Катя удивленно глянула на свои ноги — она была в модных пестрых носочках, многие ее подружки носили в Италии такие носочки.
— Только малые дети носят такие носочки, — пояснила мать.
— И на улице купаются. А ты уже смотри, какая… — может быть, она хотела сказать «каланча», но сказала, — красавица.
Катя, недоуменно моргая светлыми круглыми глазами, смотрела на мать.
Отец еще в темноте ушел на работу, он ремонтировал технику, у него же золотые руки. Витя собирался в поле, он работал помощником комбайнера. Мать, подоив совхозных коров, прибежала покормить детей.
— Пейте же! — протягивала она то Вите, то Кате кружку с теплым парным молоком. — Свежее! Тебе особенно надо, доченька!
Но Катю мутило от пахнущего то ли шерстью, то ли телом коровьим молока. А Витя пил только чай, крепкий, как деготь, почему у него всегда желтые зубы.
Когда Витя, услышав стрекот трактора, выскочил на улицу и укатил на работу, и мать с дочерью, наконец, остались одни, Катя спросила:
— Мам, я что, больна?
— Почему ты так спрашиваешь? — Мать намазала кусок хлеба маслом и протянула дочери. — Просто беспокоимся, что худенькая… Это кто в городе, они все худеть стараются… а тут же силы нужны… — Но в глаза дочери мать не смотрела. — Тебе тут не шибко нравится? Другим еще хуже повезло… Калединых просто подпалили, они под Самарой хотели осесть… а Ивановым намекнули: жить хотите — бегите дальше.
И они сейчас в Москва, в палатке живут.
— В каком-нибудь скверике?
— Каком скверике? — удивилась мать. — Перед зданием правительства, их даже по телевизору показывали… Господи-господи, бедность наша и срам! Ничего! — вдруг, посуровев лицом, мать очень больно обняла Катю. Как-нибудь проживем! Как-нибудь!
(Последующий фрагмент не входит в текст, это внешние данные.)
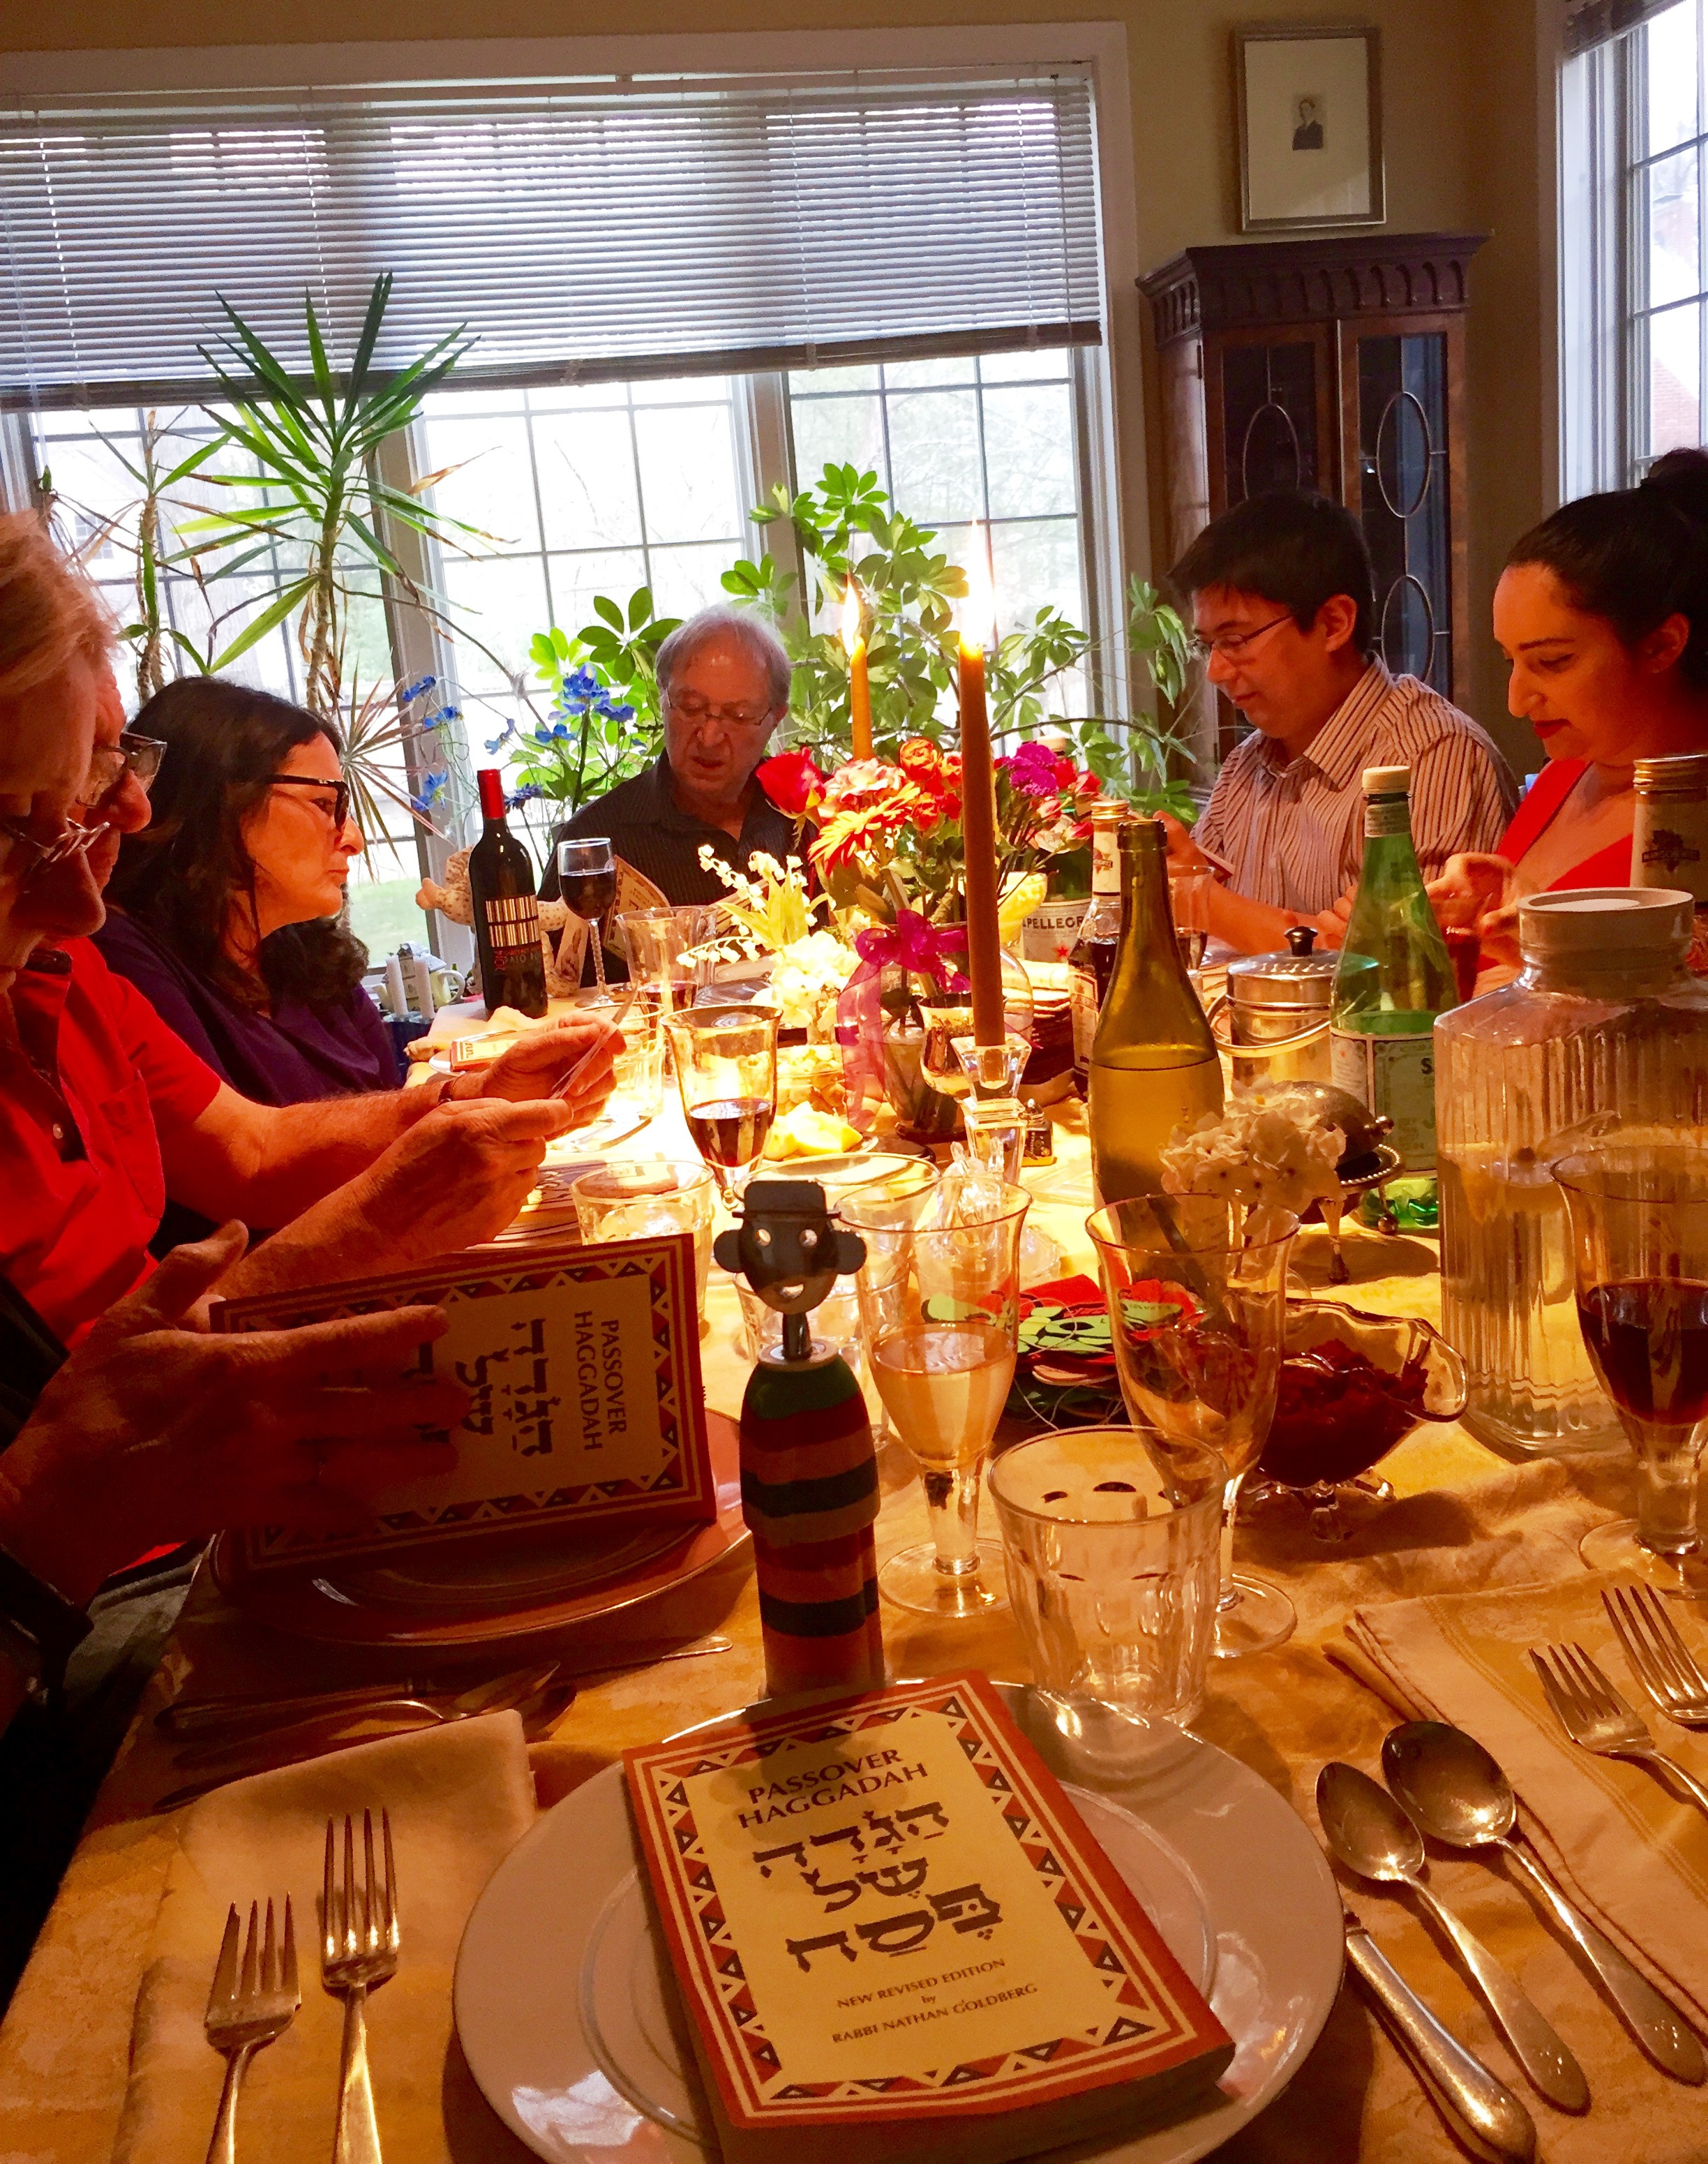 Our Passover seder 2016.jpg
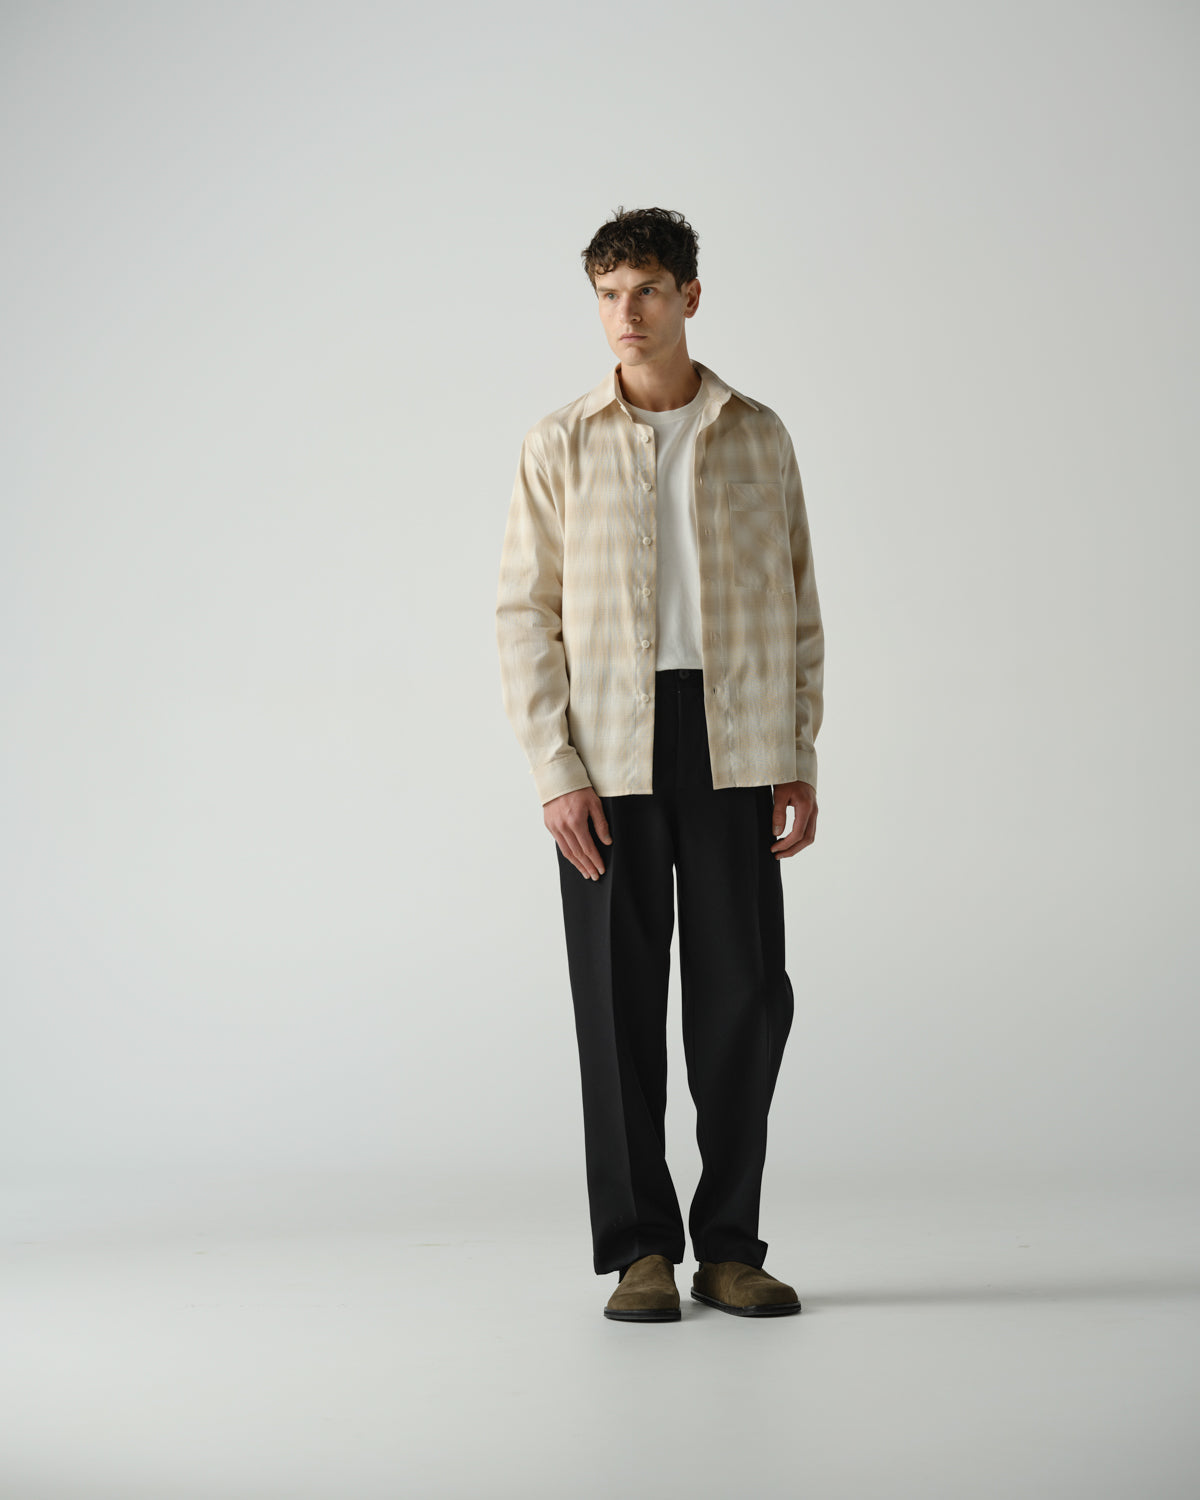 Male model in beige and check long sleeve shirt

Договорились, что Катя пойдет доучиваться в Михайловскую школу. Но до занятий еще было две недели… и ни подруги у Кати, ни дома слушателя… Она сидела целыми днями в ожидании своих родных у окна и вспоминала Италию. И до сих пор не удавалось ей что-нибудь рассказать. То отец пьян, потрясая кулаком ругает президентов всех славянских государств, то мать в ознобе пьет горячее молоко с маслом, сидя возле печи, а назавтра снова-заново простужается на полуразрушенной ферме, а то Витя играет на гармошке и поет тягучие неинтересные песни под одобрительное кивание отца:
Люби меня, девка, пока я на во-оле…
Покуда на воле, я тво-ой…
Иногда на звук хромки заглядывал сосед, могучий молодой парень с черной бородой, в черной борцовской майке в любую погоду, с золотой печаткой на пальце. Он приходил со старинной русской гармошкой — у нее каждая кнопка играет на два тона — когда растягиваешь гармошку, один звук, а когда сдавливаешь — другой… Он был из местных, и отец дорожил дружбой с соседом, хотя сосед почти не пил, правда, любил небрежно занять тысчонку-другую до аванса и, кажется, ни разу еще не отдавал… Но отцу, щуплому, чужому здесь из западной России человеку нужен был свой человек. У могучего Володи были выпуклые воловьи глаза, полные непонятной печали. И пел он, никогда не зная слов, тихим мычанием…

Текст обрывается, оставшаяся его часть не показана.